1. Field of the Invention
The present invention relates to sensors for detecting an analyte in liquid using SAW elements (surface acoustic wave elements), and also relates to devices for detecting an analyte in liquid including such sensors. More specifically, the present invention relates to sensors for detecting an analyte in liquid, each sensor includes at least one SAW element mounted on a base substrate via a bump electrode, and also relates to devices for detecting an analyte in liquid with the sensors.
2. Description of the Related Art
Various types of sensors for detecting analytes in liquids have been disclosed in the past.
For example, Japanese Unexamined Patent Application Publication No. 63-250560 (Patent Document 1) discloses a sensor for detecting an analyte in liquid using a surface acoustic wave. FIG. 23 is a schematic front cross-sectional view for illustrating the sensor disclosed in Patent Document 1.
A sensor 102 for detecting an analyte in liquid is immersed in a solution 101 containing an analyte. The sensor 102 is defined by a surface acoustic wave element. In other words, the sensor 102 includes a rectangular plate-like piezoelectric substrate 103, an input IDT electrode 104, and an output IDT electrode 105. The input IDT electrode 104 and the output IDT electrode 105 are arranged on the same surface of the piezoelectric substrate 103 with a predetermined distance therebetween. In addition, a membrane 106 for adsorbing an analyte is arranged between the input IDT electrode 104 and the output IDT electrode 105. A surface acoustic wave is excited in the piezoelectric substrate 103 by applying an alternating voltage to the input IDT electrode 104. The excited surface acoustic wave propagates toward the output IDT electrode 105. At the output IDT electrode 105, an electric signal based on the propagated surface wave is extracted.
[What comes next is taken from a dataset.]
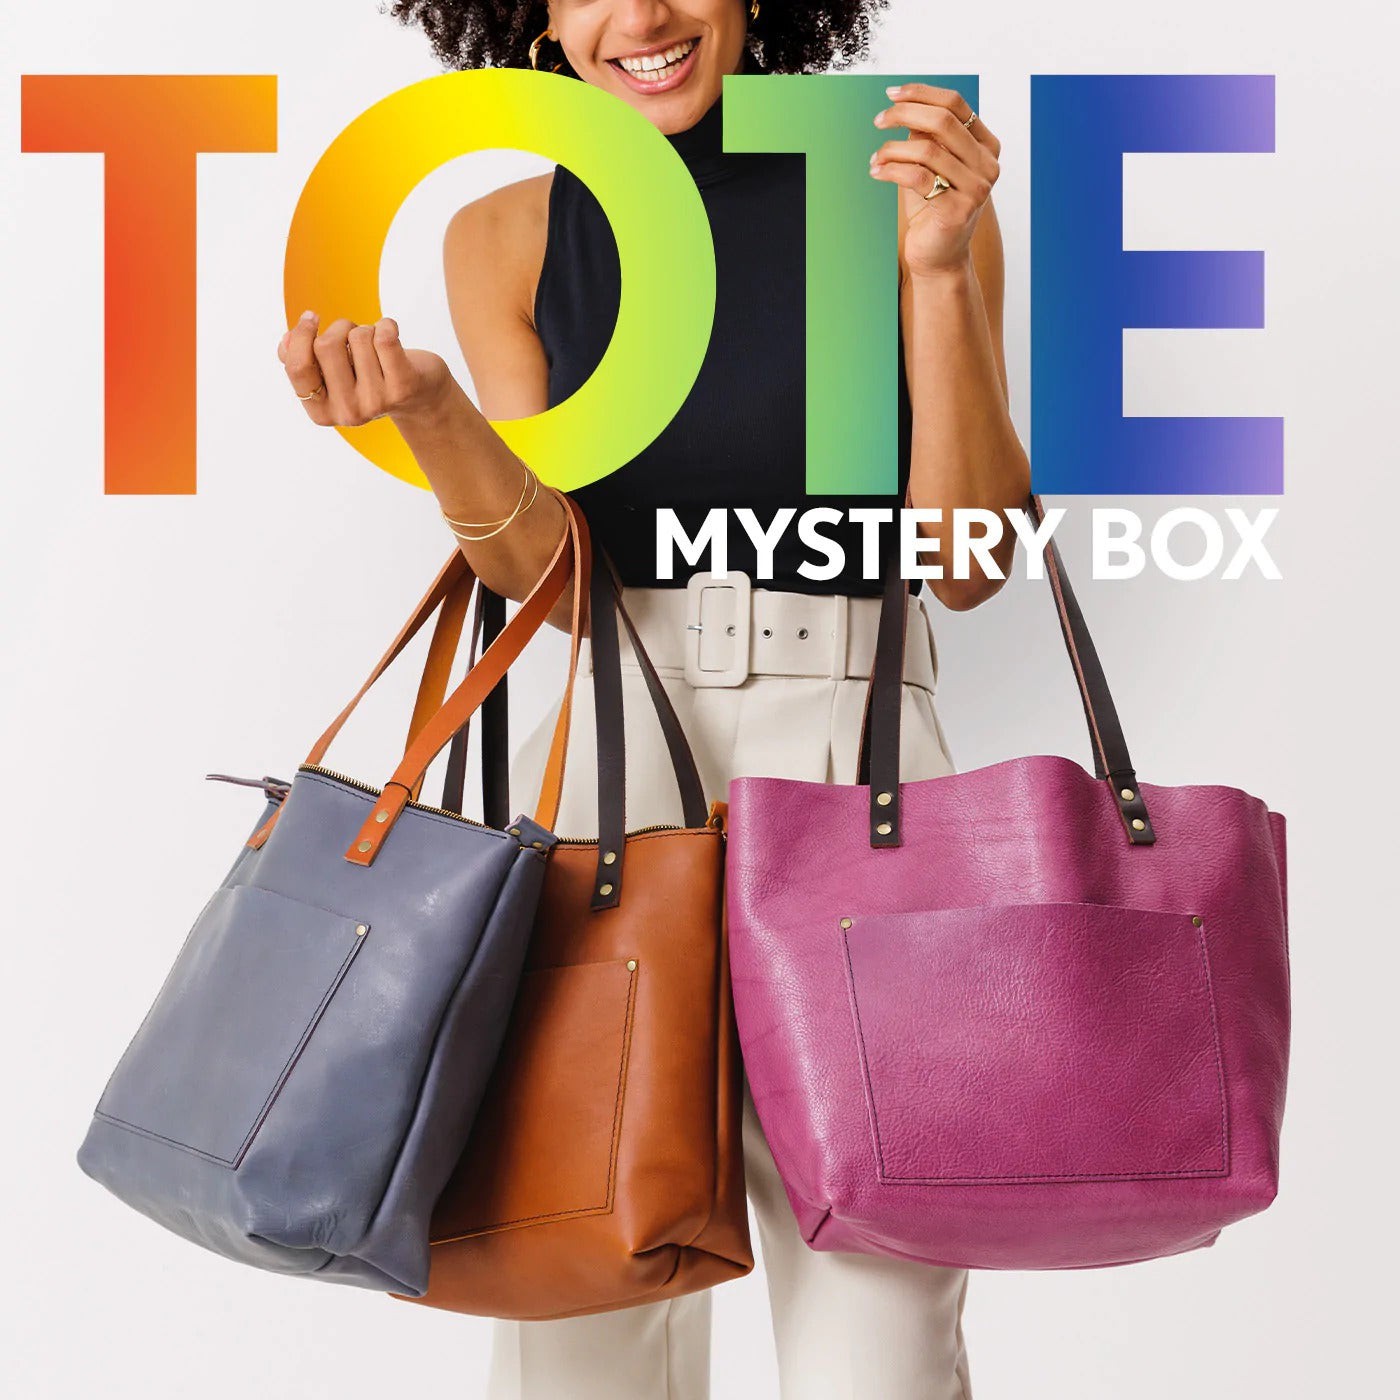 Handbags & wallets, Not So Mystery Box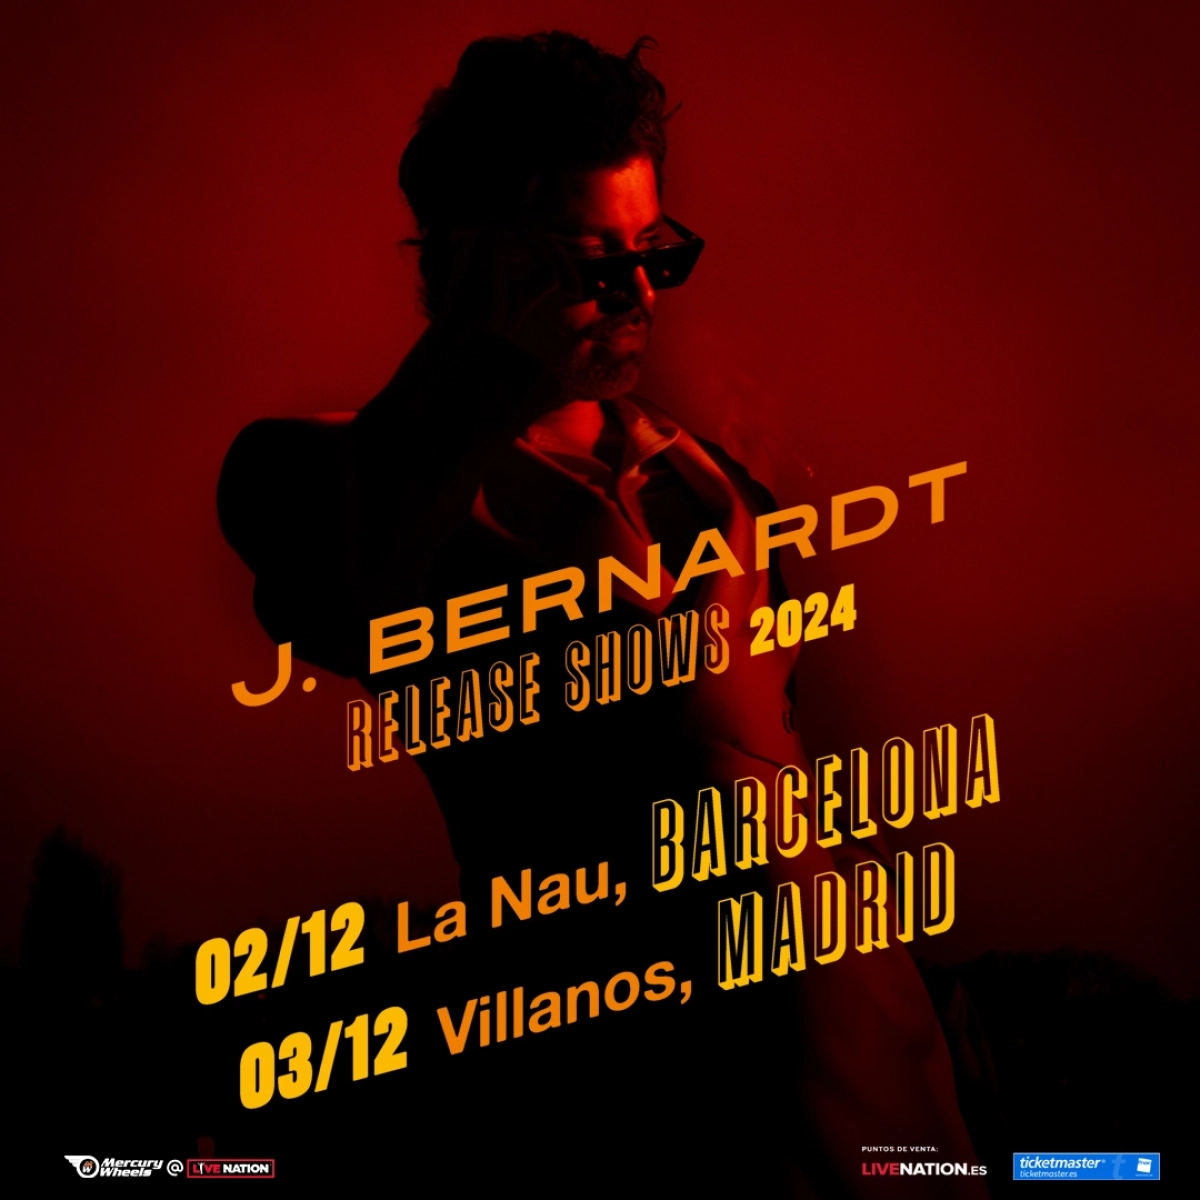 J. Bernardt in der La Nau Tickets

Since the membrane 106 adsorbs the analyte, the load to the surface of the piezoelectric substrate 103 due to the membrane 106 is changed when the analyte is present. Consequently, the propagating surface acoustic wave is modified by the presence of the analyte and, therefore, the output extracted from the output IDT electrode 105 is changed. Thus, the detection of the analyte and the measurement of concentration thereof are enabled.
However, in the measurement method using the sensor 102 for detecting an analyte in liquid, the sensor 102 must be immersed in a liquid 101. Therefore, when the amount of the liquid 101 containing the analyte is small, the analyte in the liquid cannot be detected.
Further, even if a large amount of a liquid is prepared, the measurement cost is disadvantageously high when the liquid is expensive.
In addition, in the sensor 102 for detecting an analyte in liquid, a liquid 101 adheres not only to regions where the surface acoustic wave propagates but also to regions where electrode pads or bonding wires, which are connected to the IDT electrodes 103 and 104, are disposed. Therefore, the electrical characteristic is disadvantageously changed so as to deteriorate the detection accuracy.
On the other hand, Japanese Unexamined Patent Application Publication No. 5-45339 (Patent Document 2) discloses a method for measuring an analyte in liquid without immersing a sensor for detecting an analyte in liquid.
In the sensor of Patent Document 2, an IDT electrode is disposed on a first principle surface of a piezoelectric substrate, and a measuring pond for receiving a liquid containing an analyte is formed on a second principle surface of the piezoelectric substrate, which is the opposite side of the first principle surface. Here, a liquid is injected into the measuring pond provided on the second principle surface, and the measurement is performed. Thus, it is not necessary to immerse the entire sensor in the liquid. Furthermore, since the IDT electrode is not brought into contact with the liquid, the electrical characteristic is not substantially changed.
As described above, in the sensor disclosed in Patent Document 2 for detecting an analyte in liquid, a large amount of liquid is not necessary. In addition, the liquid negligibly adheres to the IDT electrode.
However, in the sensor disclosed in Patent Document 2, a liquid containing an analyte is present on the second principle surface of the piezoelectric substrate. On the other hand, a surface acoustic wave propagates on the first principle surface of the piezoelectric substrate, namely, the surface acoustic wave propagates extremely close to the surface of the principle surface on which the IDT electrode is disposed. Therefore, when a solution is applied to the second principle surface, the surface acoustic wave propagating on the first principle surface is not substantially influenced by the change caused by the presence of the solution. Therefore, in the sensor disclosed in Patent Document 2, the detection accuracy cannot be sufficiently increased.
In addition, in the sensor disclosed in Patent Document 2, energy disperses not only to near the surface of the piezoelectric substrate but also to a certain depth of the piezoelectric substrate. The leak component of a propagating SH wave causes noise, and therefore, the measurement accuracy is disadvantageously decreased.